* **Task to complete**: Pictures stay out; everything else in the listing below is to be restated word for word.

* **Stored data**:
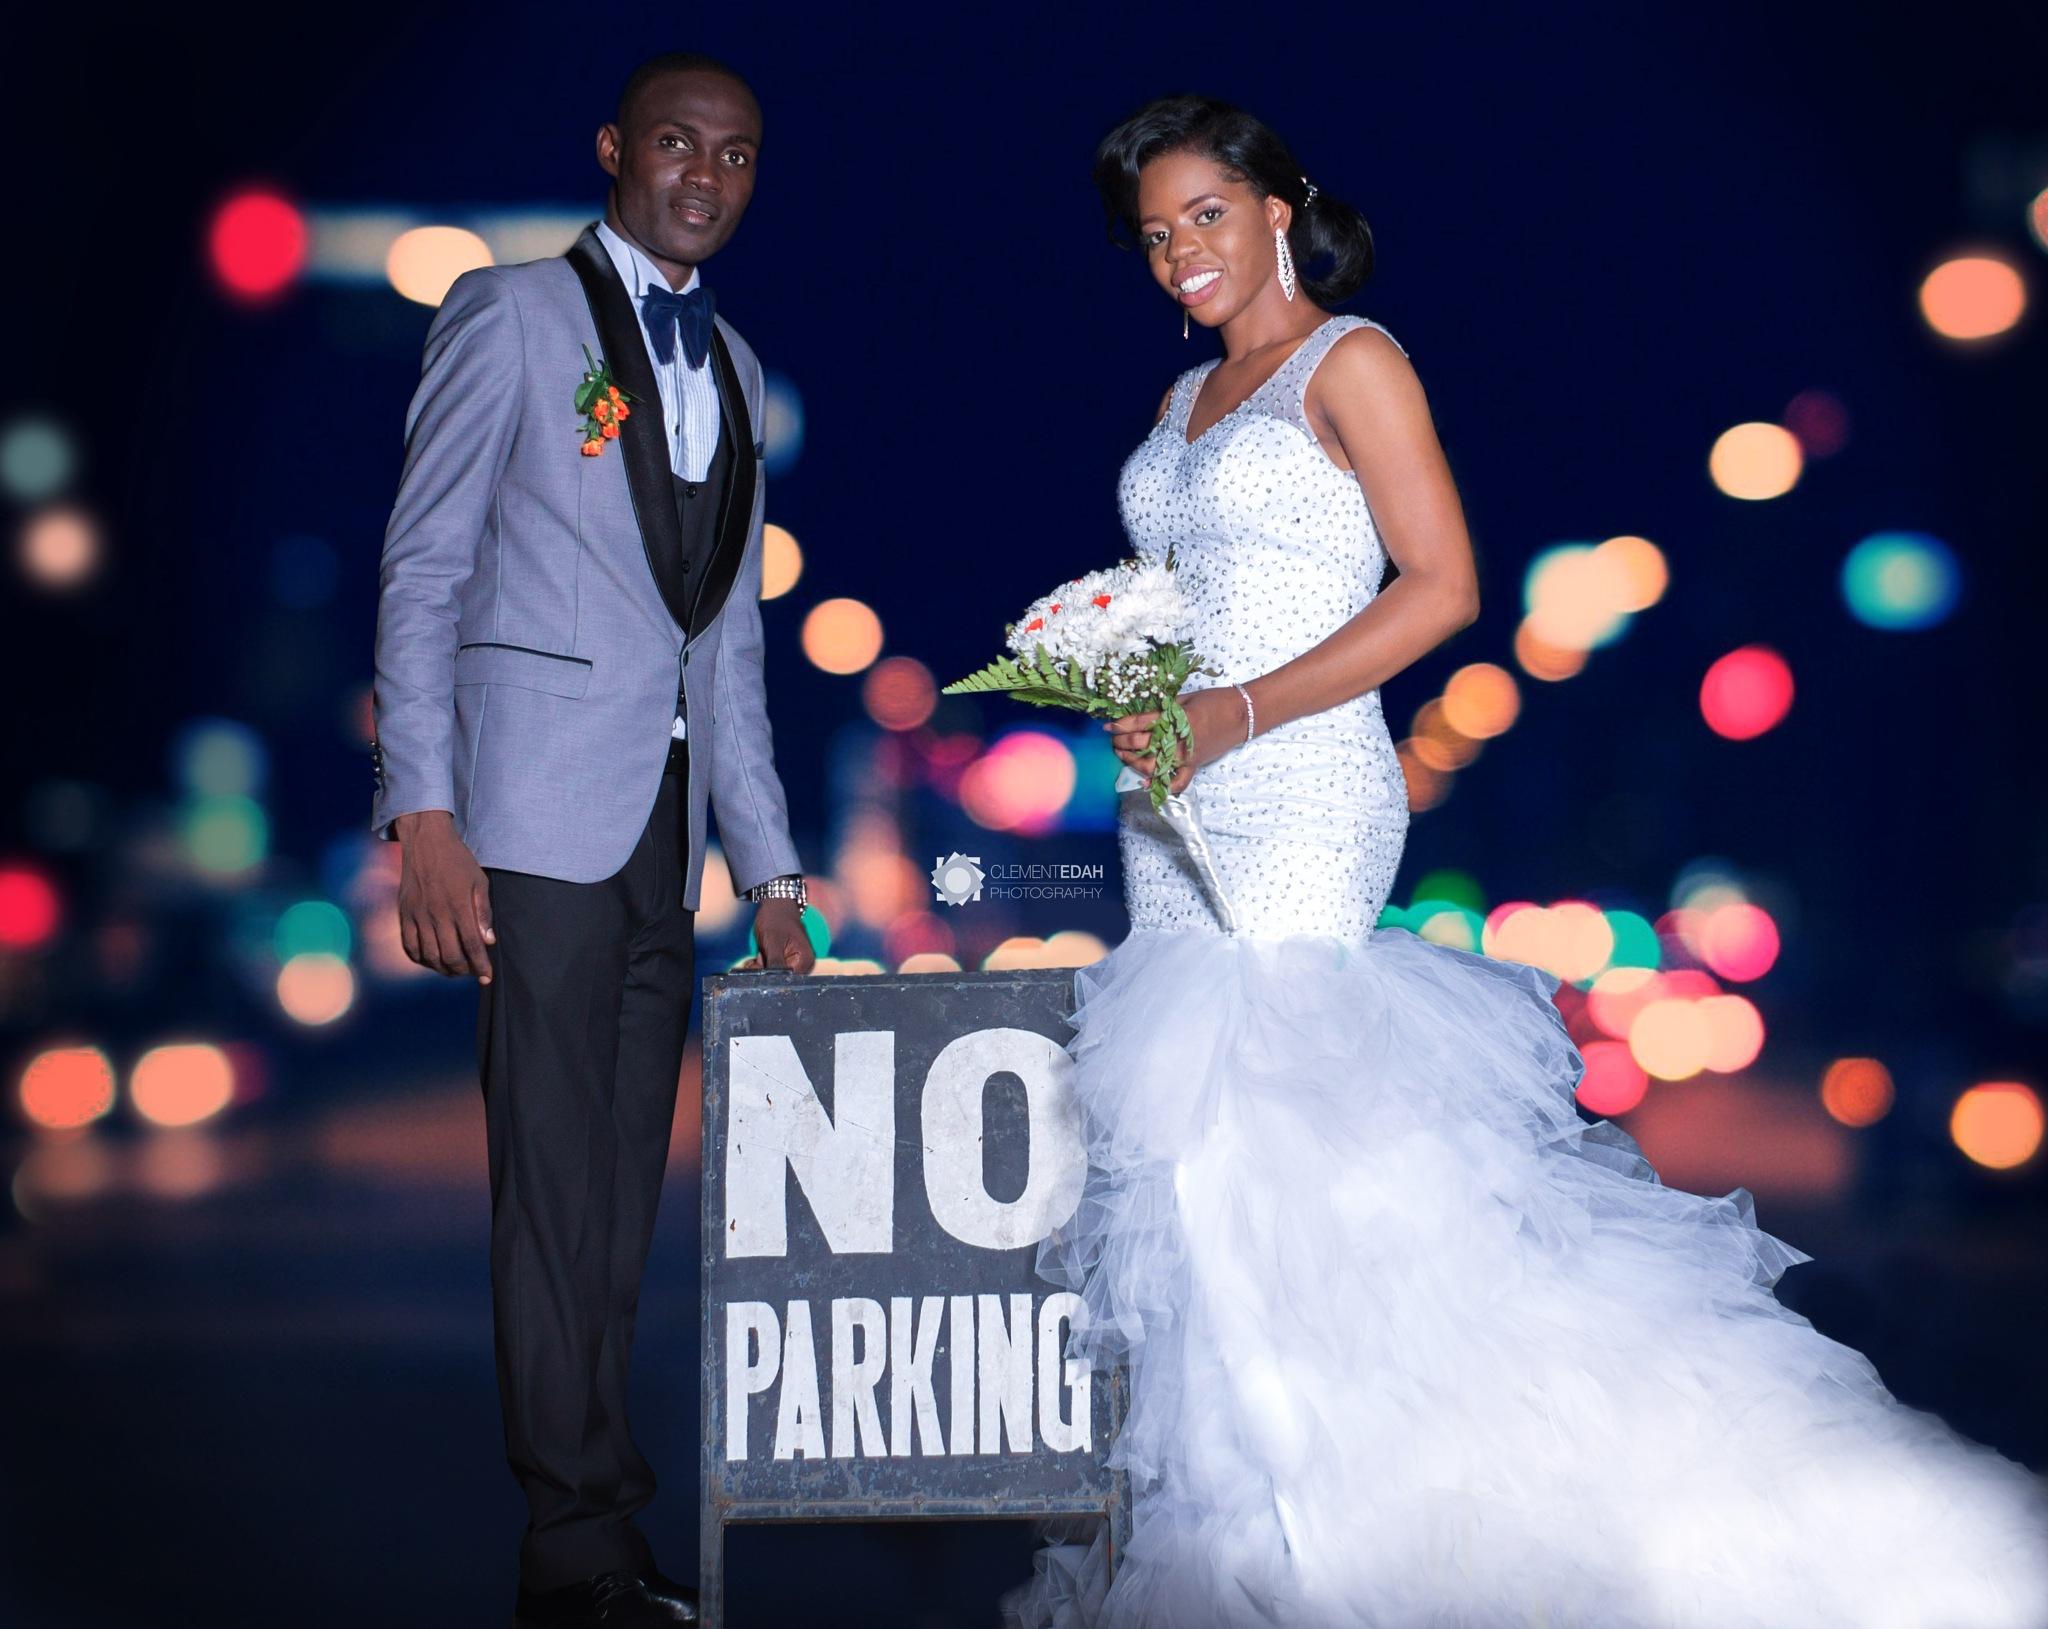 No parking  by Clement Edah
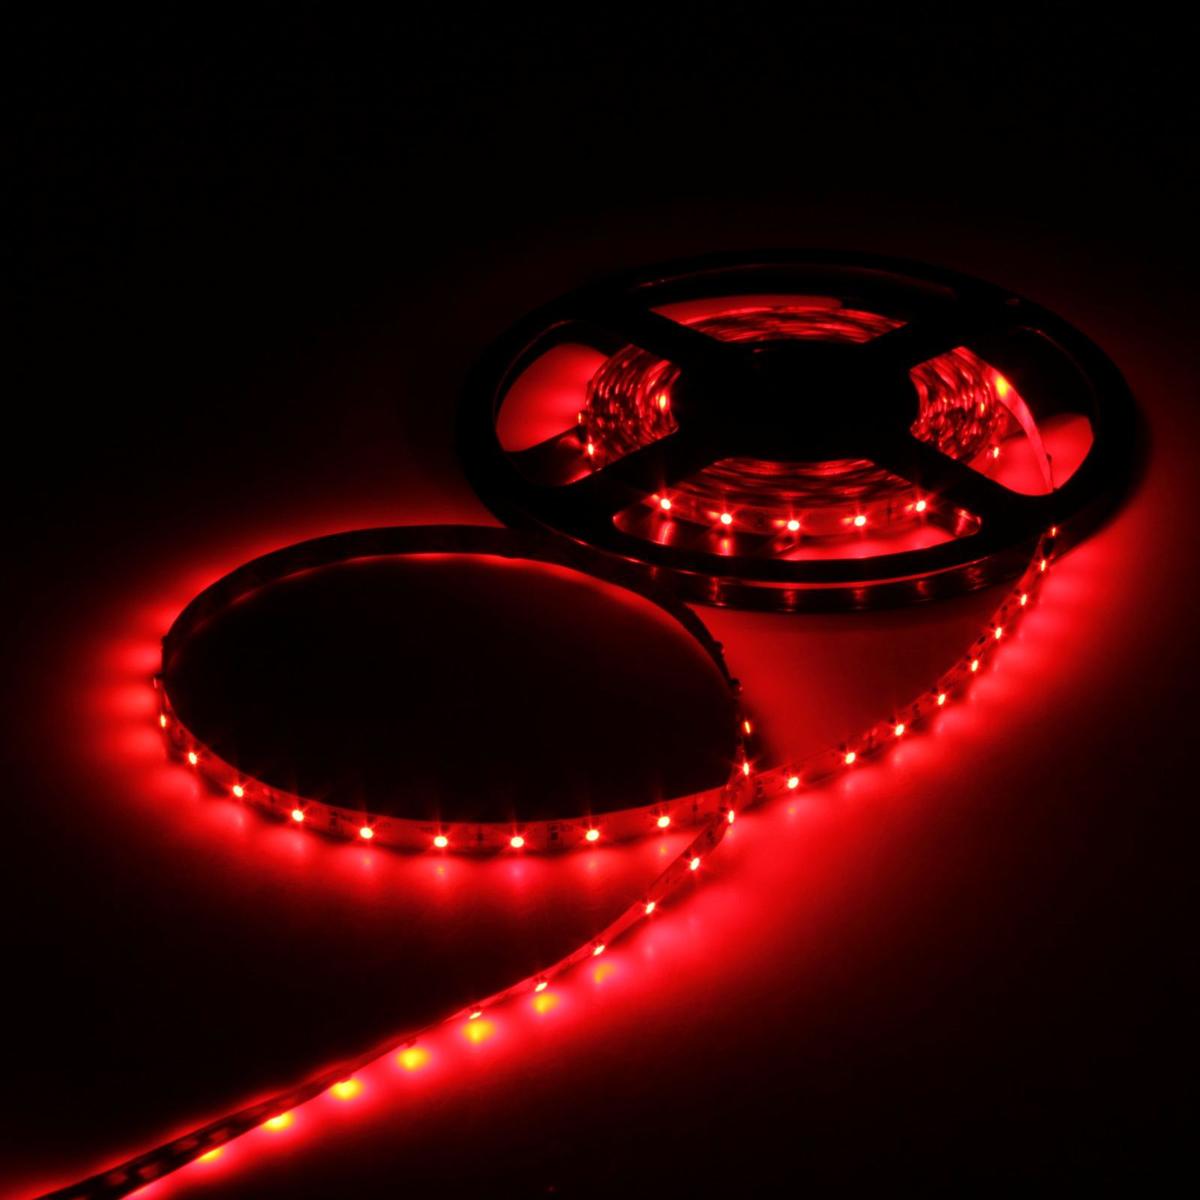 Светодиодная лента Luazon, 12В, SMD3528, длина 5 м, IP33, 60 LED ламп, 4.8 Вт/м, 6-7 Лм/1 LED, DC, цвет: красный883870Светодиодные гирлянды, ленты и т.д — это отличный вариант для новогоднего оформления интерьера или фасада. С их помощью помещение любого размера можно превратить в праздничный зал, а внешние элементы зданий, украшенные ими, мгновенно станут напоминать очертания сказочного дворца. Такие украшения создают ауру предвкушения чуда. Деревья, фасады, витрины, окна и арки будто специально созданы, чтобы вы украсили их светящимися нитями.
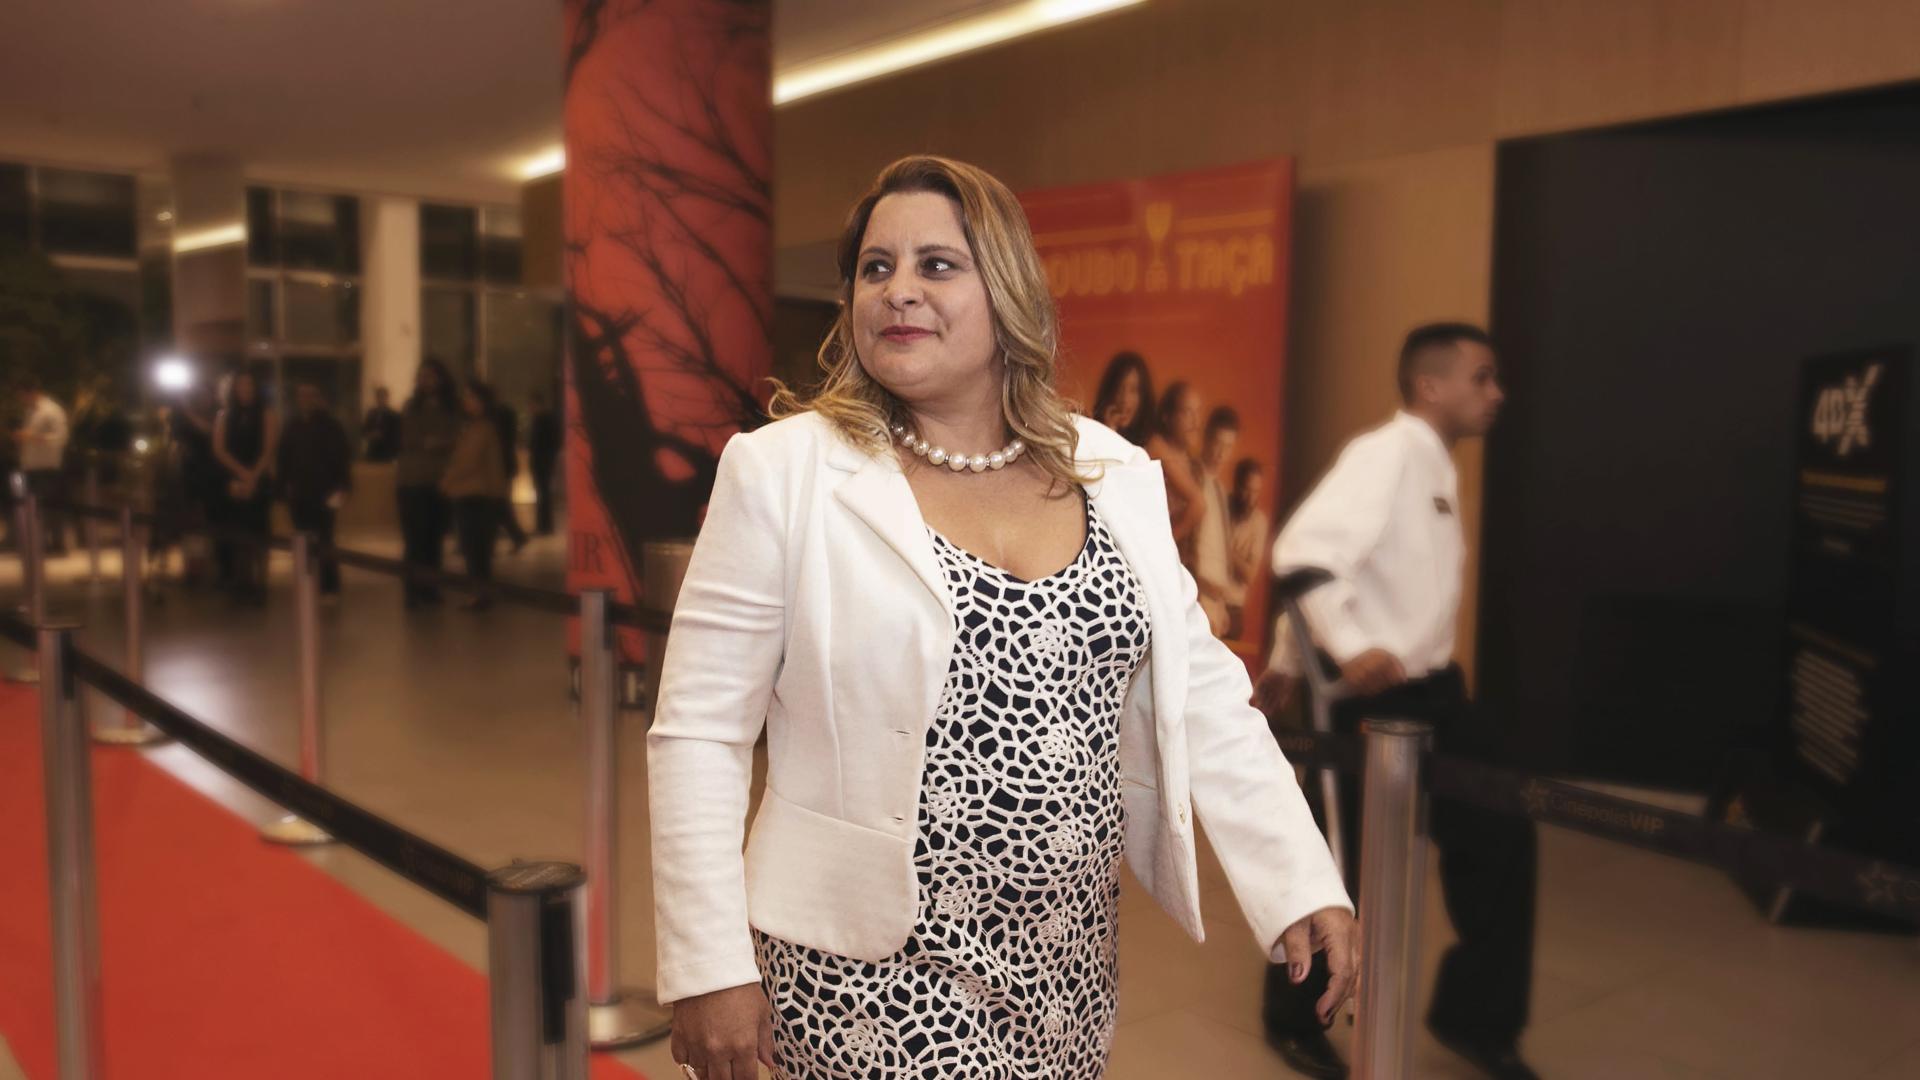 A fundadora da Sorridents, Carla Sarni, brilha no Tapete Vermelho em noite de pré-estreia

* **Task response**:
 No parking  by Clement Edah
 Светодиодная лента Luazon, 12В, SMD3528, длина 5 м, IP33, 60 LED ламп, 4.8 Вт/м, 6-7 Лм/1 LED, DC, цвет: красный883870Светодиодные гирлянды, ленты и т.д — это отличный вариант для новогоднего оформления интерьера или фасада. С их помощью помещение любого размера можно превратить в праздничный зал, а внешние элементы зданий, украшенные ими, мгновенно станут напоминать очертания сказочного дворца. Такие украшения создают ауру предвкушения чуда. Деревья, фасады, витрины, окна и арки будто специально созданы, чтобы вы украсили их светящимися нитями.
 A fundadora da Sorridents, Carla Sarni, brilha no Tapete Vermelho em noite de pré-estreia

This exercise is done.